The dominant proportion of the pretraining language determines the model’s cognitive paradigm. Claude is an AI running on the “English cognitive operating system”; DeepSeek is an AI running on the “Chinese cognitive operating system.” When both process the same problem, they are not giving the same answer in different languages — they are processing the problem itself with different cognitive architectures.

02 · Pretraining Layer: Injection of Cultural Encoding

Corpus Is Cognition: Cultural Genes in Training Data

Analytic philosophy genes in English corpora vs. holistic genes in Chinese corpora

Claude’s pretraining corpus consists primarily of English internet text, English academic papers, and English books. These texts embed the cognitive patterns of the Anglo-American analytic philosophy tradition: propositions must be falsifiable, arguments must unfold step by step, concepts must have clear boundaries, and conclusions must have explicit qualifying conditions.

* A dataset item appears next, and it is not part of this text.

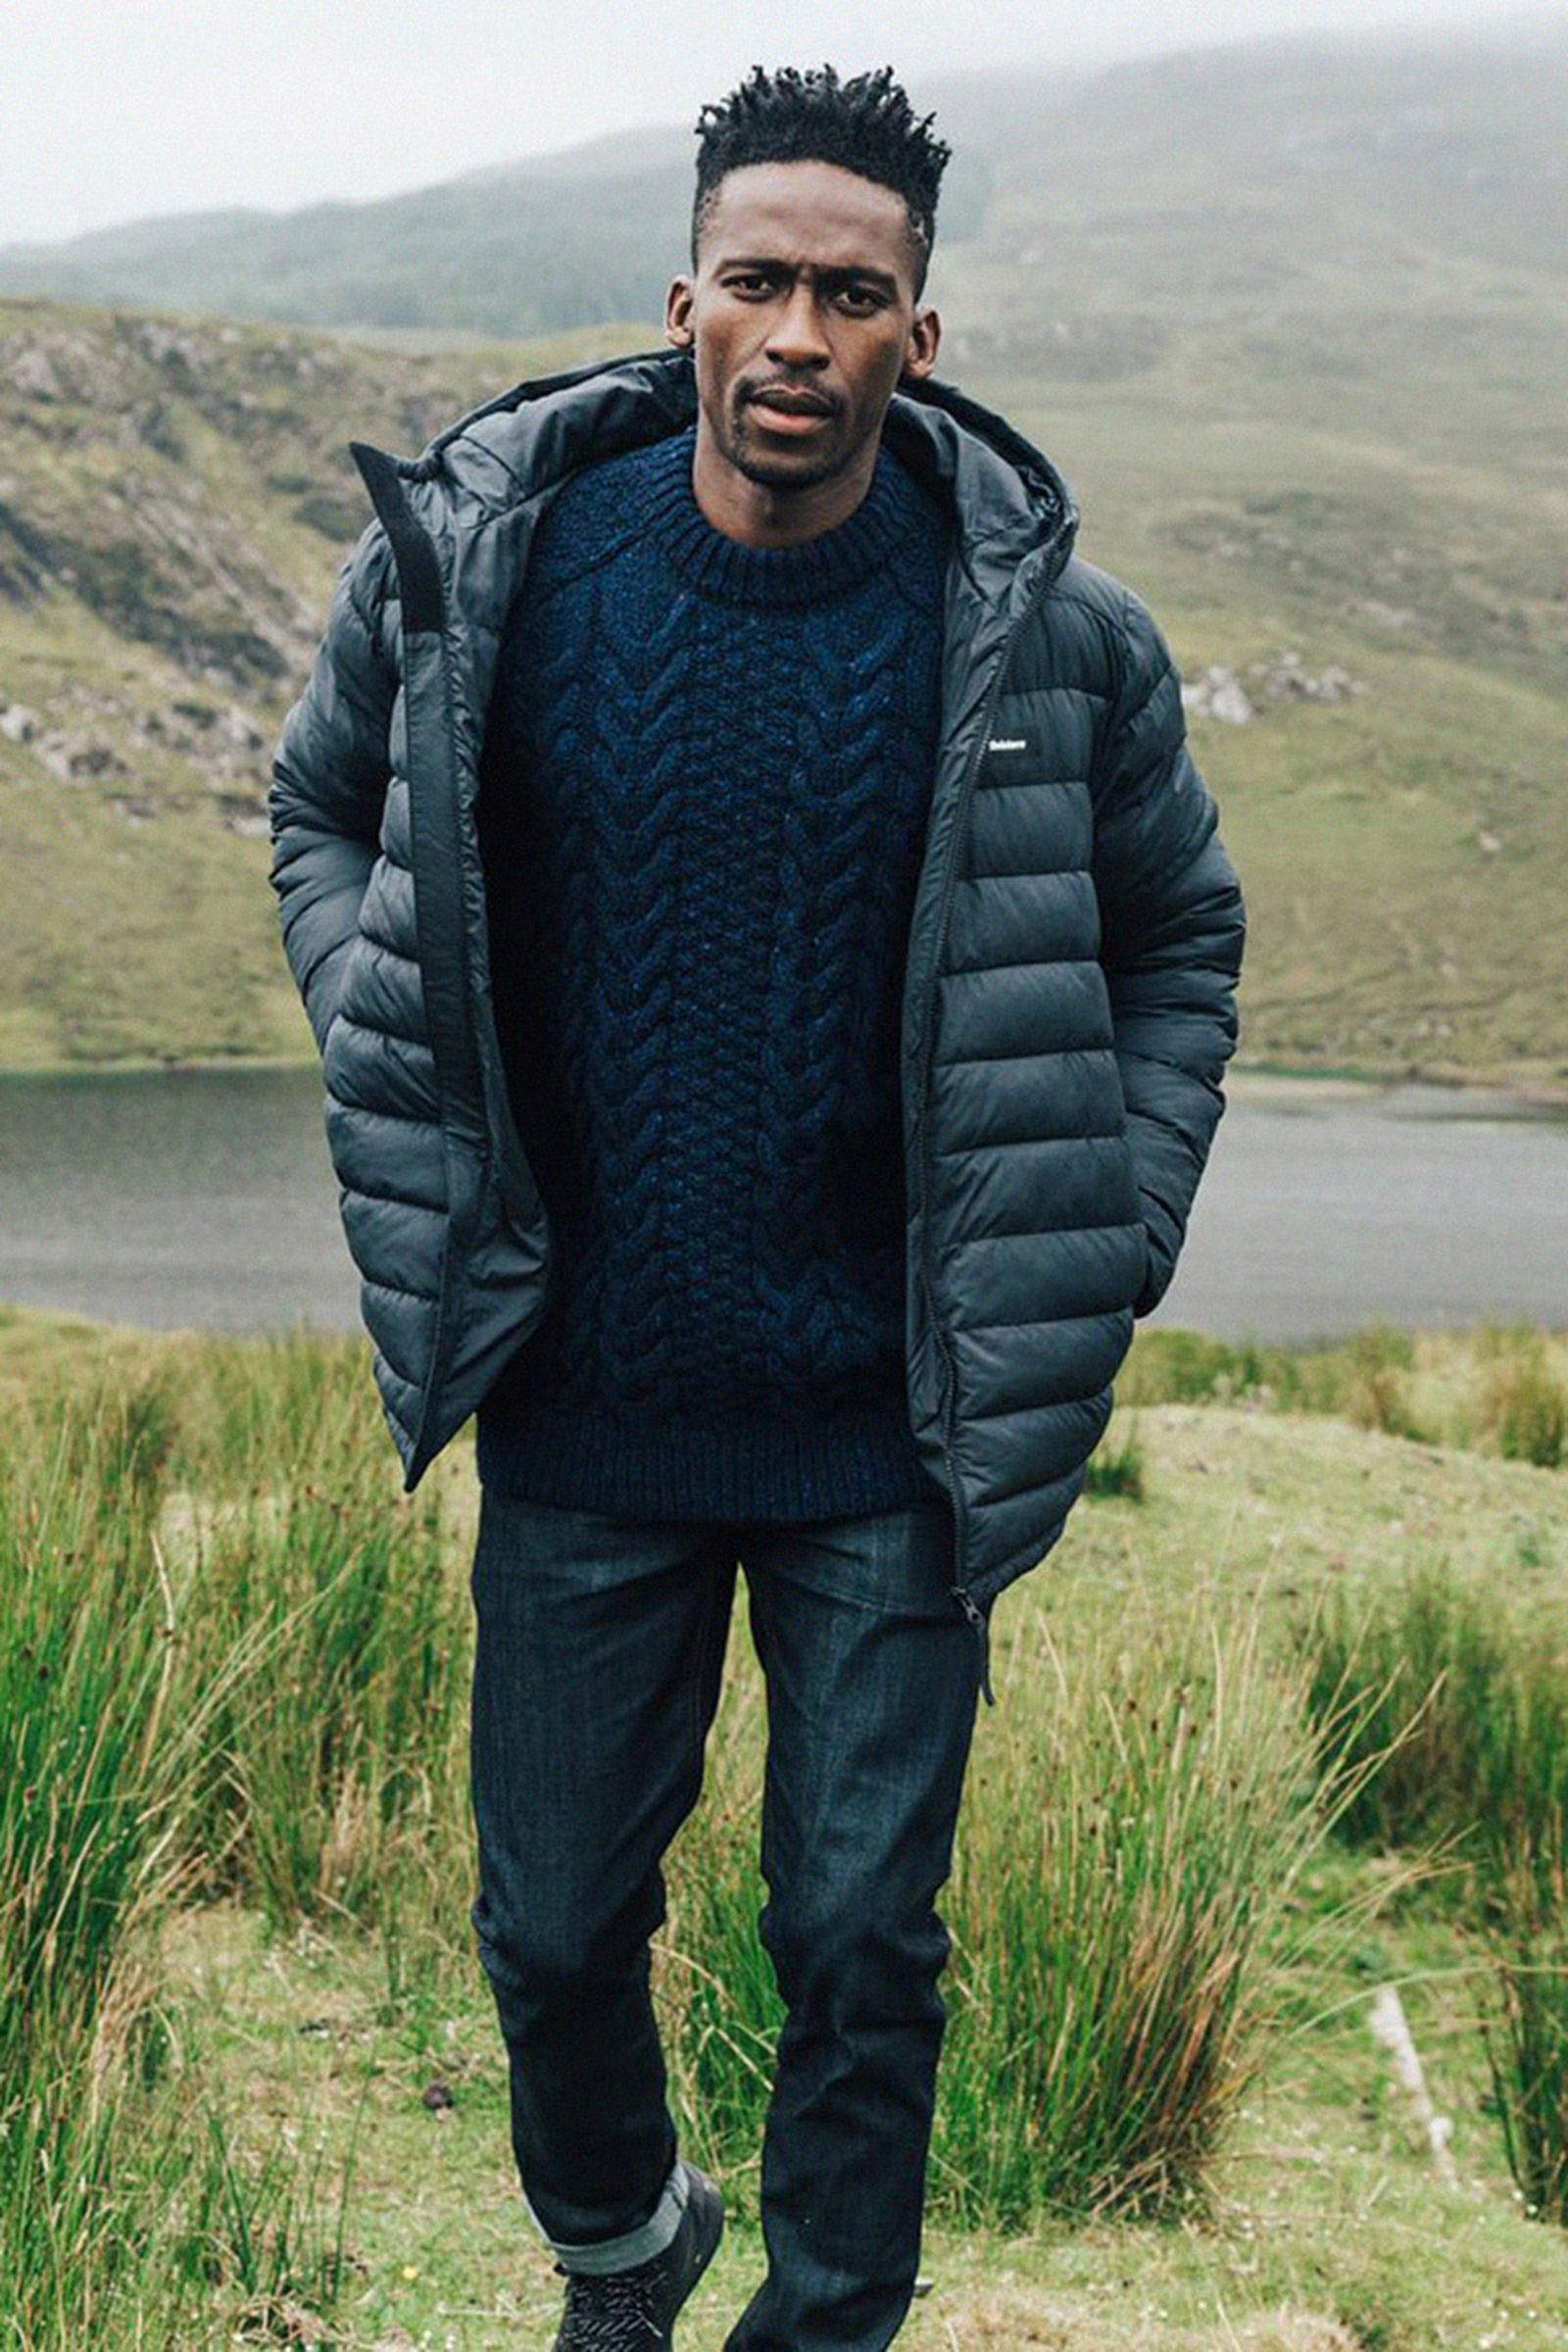 best sustainable fashion brands finistierre Armedangels Jungmaven Knowledge Cotton Apparel
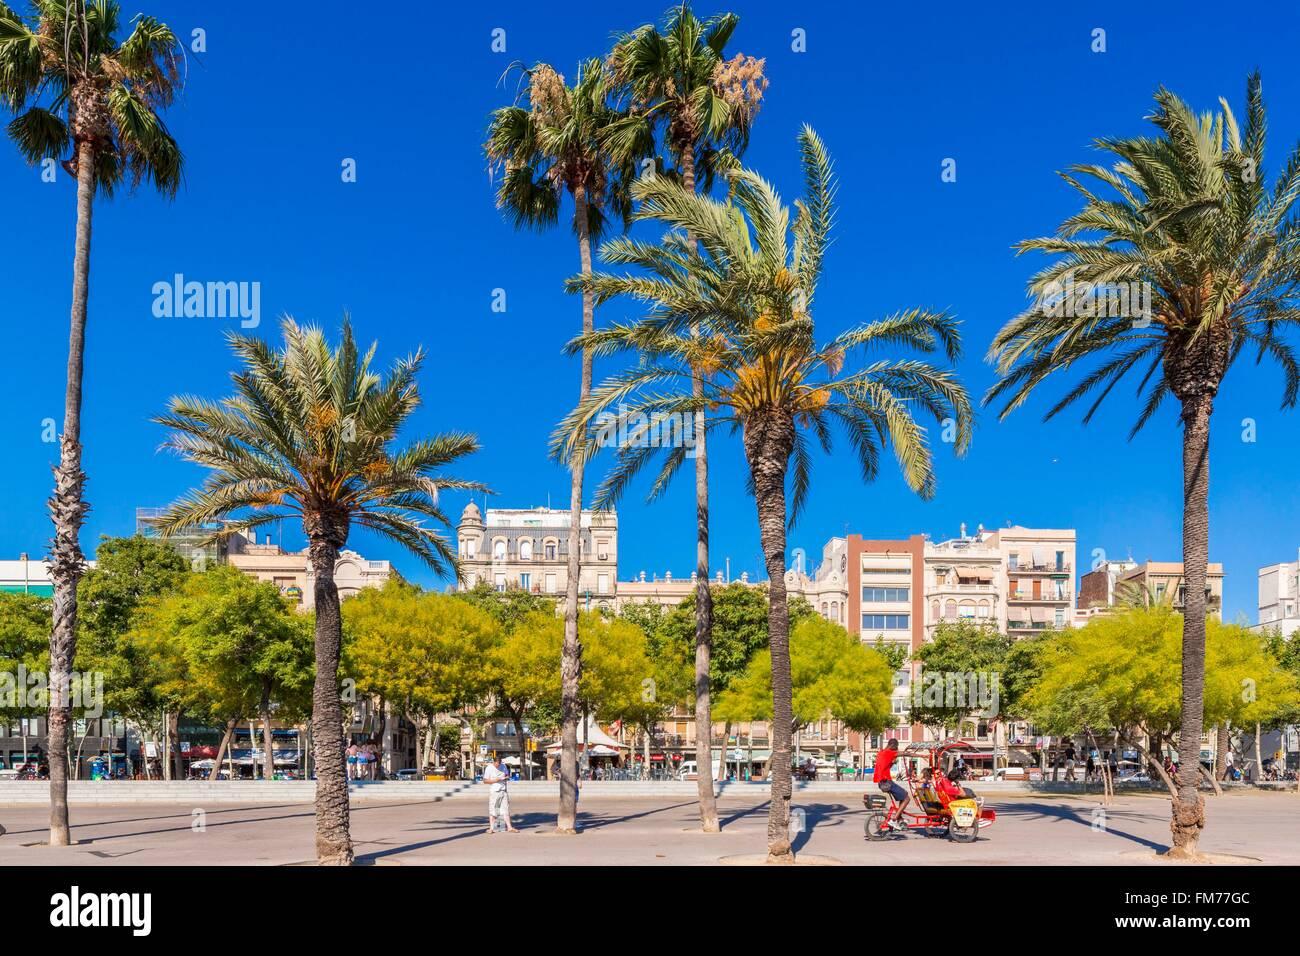 Spain, Catalonia, Barcelona, La Barceloneta, Passeig Joan de Borbo seen from the Port Vell - Stock Image

DeepSeek’s pretraining corpus consists primarily of Chinese internet text and Chinese academic literature. The Chinese textual tradition tends more toward: grasping the whole before unfolding details, building understanding through analogy and metaphor, emphasizing relationality over substantiality, and allowing a higher degree of contextual implication.

Cognitive Dimension Claude (English Cognition) DeepSeek (Chinese Cognition)
Argumentation Structure Linear step-by-step: premise → reasoning → conclusion Spiral unfolding: whole → detail → return to whole
Causal Attribution Single-factor analysis, variable isolation Multi-factor correlation, systems perspective
Concept Boundaries Clearly defined, either/or Fuzzy boundaries, overlap permitted
Uncertainty Handling Declare uncertainty first, then analyze Give overall judgment first, then add qualifications
Rebuttal Style Directly point out logical errors Affirm the reasonable parts first, then offer a different angle
Default Value Ordering Precision > Comprehensiveness Comprehensiveness > Precision
PNAS Nexus 2024 Empirical Evidence

LLMs trained primarily in English exhibit a latent bias toward Western cultural values, and even querying in Korean fails to effectively elicit Korean cultural values. This finding is validated across empirical data from 14 countries and 14 languages. The shaping force of training language on cognitive frameworks exceeds the ability of inference-time language switching to override it.

Counter-Argument Review ① · Dilution Effect of Multilingual Training

Counterargument: Models like GPT-4 are trained simultaneously on 100+ languages — wouldn’t cultural attributes dilute each other rather than forming a single dominant pattern? Response: PNAS Nexus 2024’s 14-country, 14-language empirical evidence has already shown that even under multilingual training conditions, the cultural bias of English as the dominant language stubbornly persists — querying in Korean still fails to elicit Korean cultural values. The dilution effect exists but is insufficient to eliminate the cognitive paradigm lock-in of the dominant language. This paper’s core argument is “dominant proportion determines cognitive paradigm,” not “sole language determines cognitive paradigm.”

03 · RLHF Layer: Amplification of the Cultural Filter

Annotators’ Cultural Defaults Are Written into the Reward Function

Anglo-American annotators prefer “precise + qualified”; Chinese annotators prefer “comprehensive + empathetic”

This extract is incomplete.